But it's hard not to see how wide a scope Madden has reached as a football coach, as a broadcaster and as a giant in the gaming industry.
The man won three-quarters of his games in the NFL, an unheard-of success rate, in a relatively brief but Hall of Fame-worthy career. He changed the way games were called on TV, for better or worse, and reached wide audiences in some of the biggest games over the past quarter century. And though I am not a gamer at all, I know how his impact on the most popular video game in history has made him an icon among even amongst the youngest generation of football fans.
Simply put, he's a giant. No one ever will reach an audience as wide as he will ever again. I hope we see Madden periodically in retirement -- whether or not you think he's a great broadcaster, he still holds great appeal for his personality and football knowledge. You know NBC will pay worthy tribute to him is some fashion -- likely during its first broadcast of the NFL preseason and in the Week One game between the Steelers and Titans that Al Michaels (and I think Cris Collinsworth) will call.
Your voice and unique perspective will be missed, John. Thanks.
Here are a few people talking about Madden's legacy:
NFL commissioner Roger Goodell:
"There is one thing football fans have agreed on for decades: they all love John Madden. John was a Hall of Fame coach before becoming one of the most-celebrated personalities in sports. He had an incredible talent for explaining the game in an unpretentious way that made it more understandable and fun.
"John’s respect and passion for the game always stood out.

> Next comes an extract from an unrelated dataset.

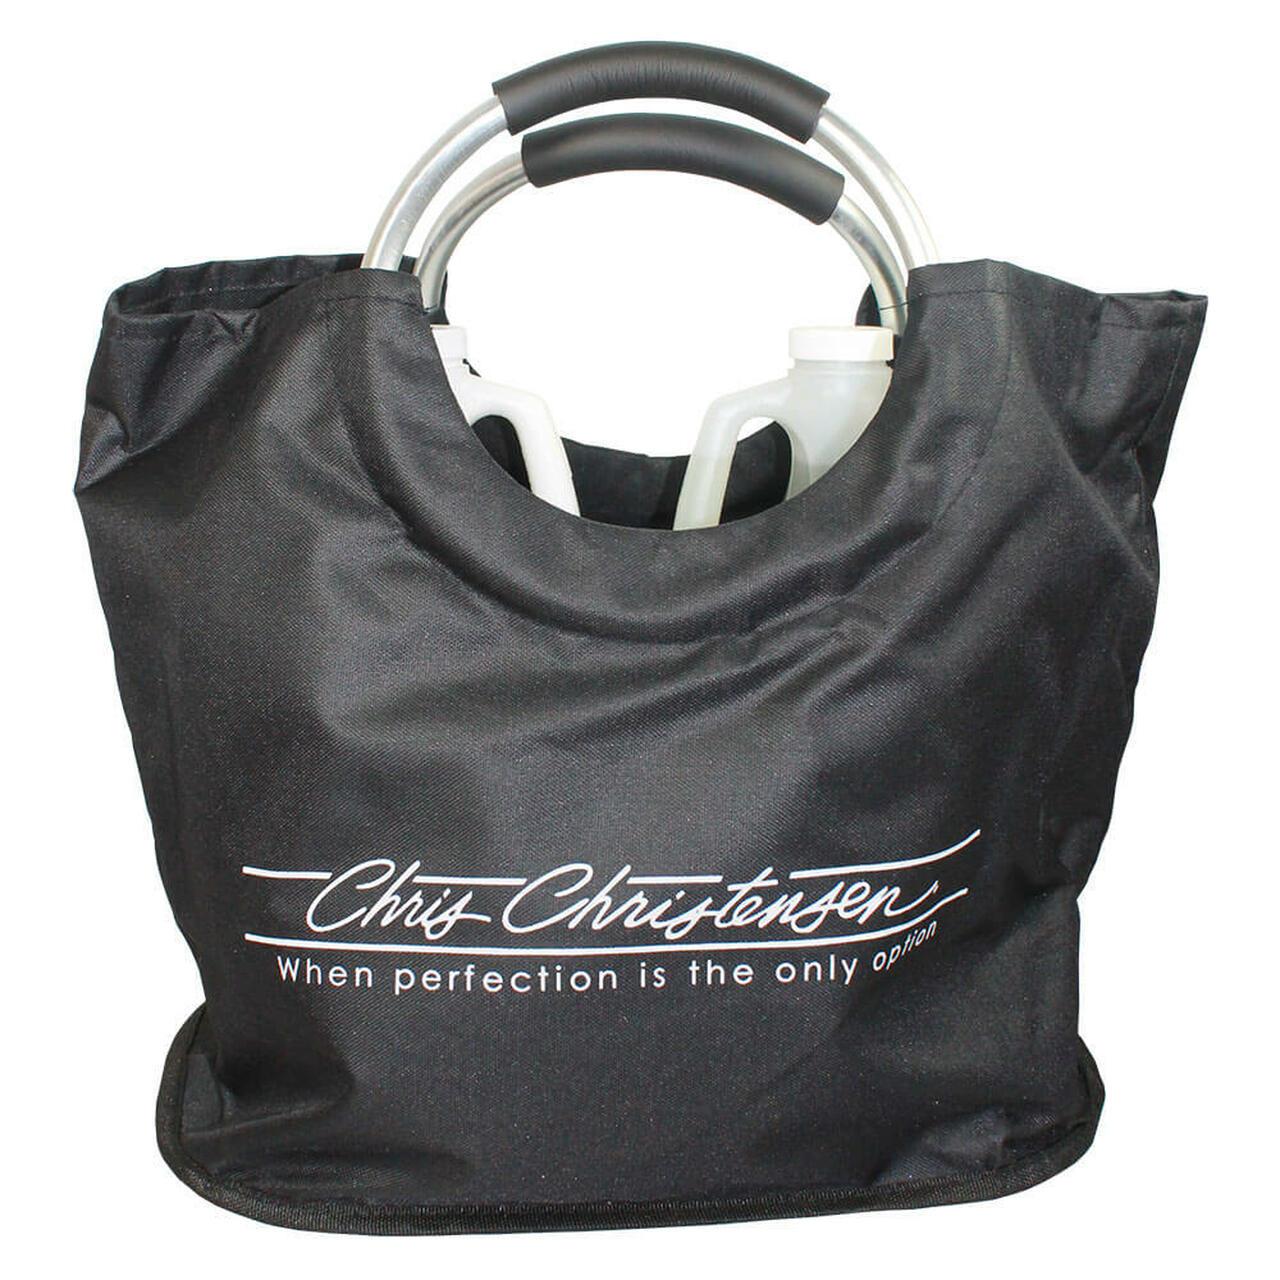 CC - Logo Bag

He was the ultimate football fan who also happened to be an extraordinarily talented coach and broadcaster.
"As namesake of the world’s most popular sports videogame, John also introduced the game of football to generations of young fans.

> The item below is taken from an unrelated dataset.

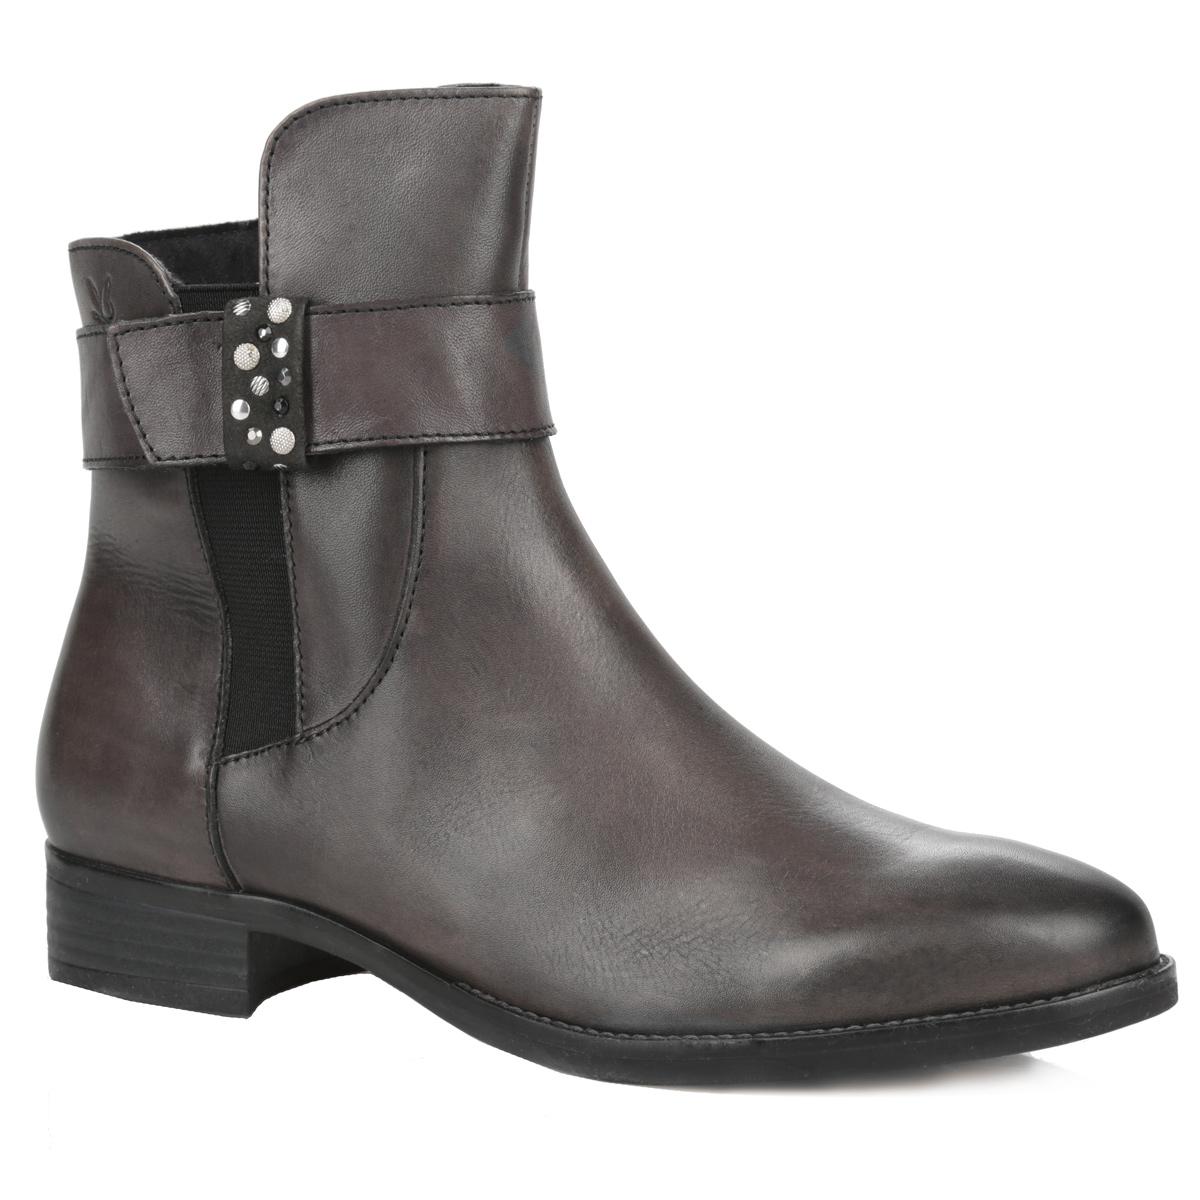 Caprice Ботинки женские. 9-9-25338-25-205

"It is only fitting that his last game as an announcer was this year’s Super Bowl -- the most-watched TV program of all-time. He is stepping down as a true Super Bowl champion."
Cowboys owner Jerry Jones:
“I don’t know that I’ve ever met anyone who loves the NFL, or cares about the NFL, more than John Madden. As a friend, I know that John’s respect and passion for the sport will be the two elements of his legacy that matter the most to him. His imprint and impact on our game were powerful and meaningful. His influence on the sport was felt by everyone — the guys in the equipment room, the players, the coaches, the owners, and most importantly, the fans. He’s going out on top — as the best we have — and the best we have ever had.”
NBC Sports chairman Dick Ebersol:
"I spent all day in the Bay Area yesterday with John and tried every way I could to make sure he was sure about his decision," said Ebersol. "And in true John Madden fashion, he was sure. He said it best when he simply said 'it's time' ... and I admire him for that.
"To put any speculation to rest, John has just decided to retire because it's time ˆ nothing more, nothing less. We will never see or hear another man like John Madden. We will sorely miss him because he was the most fun guy ever to just hang out with."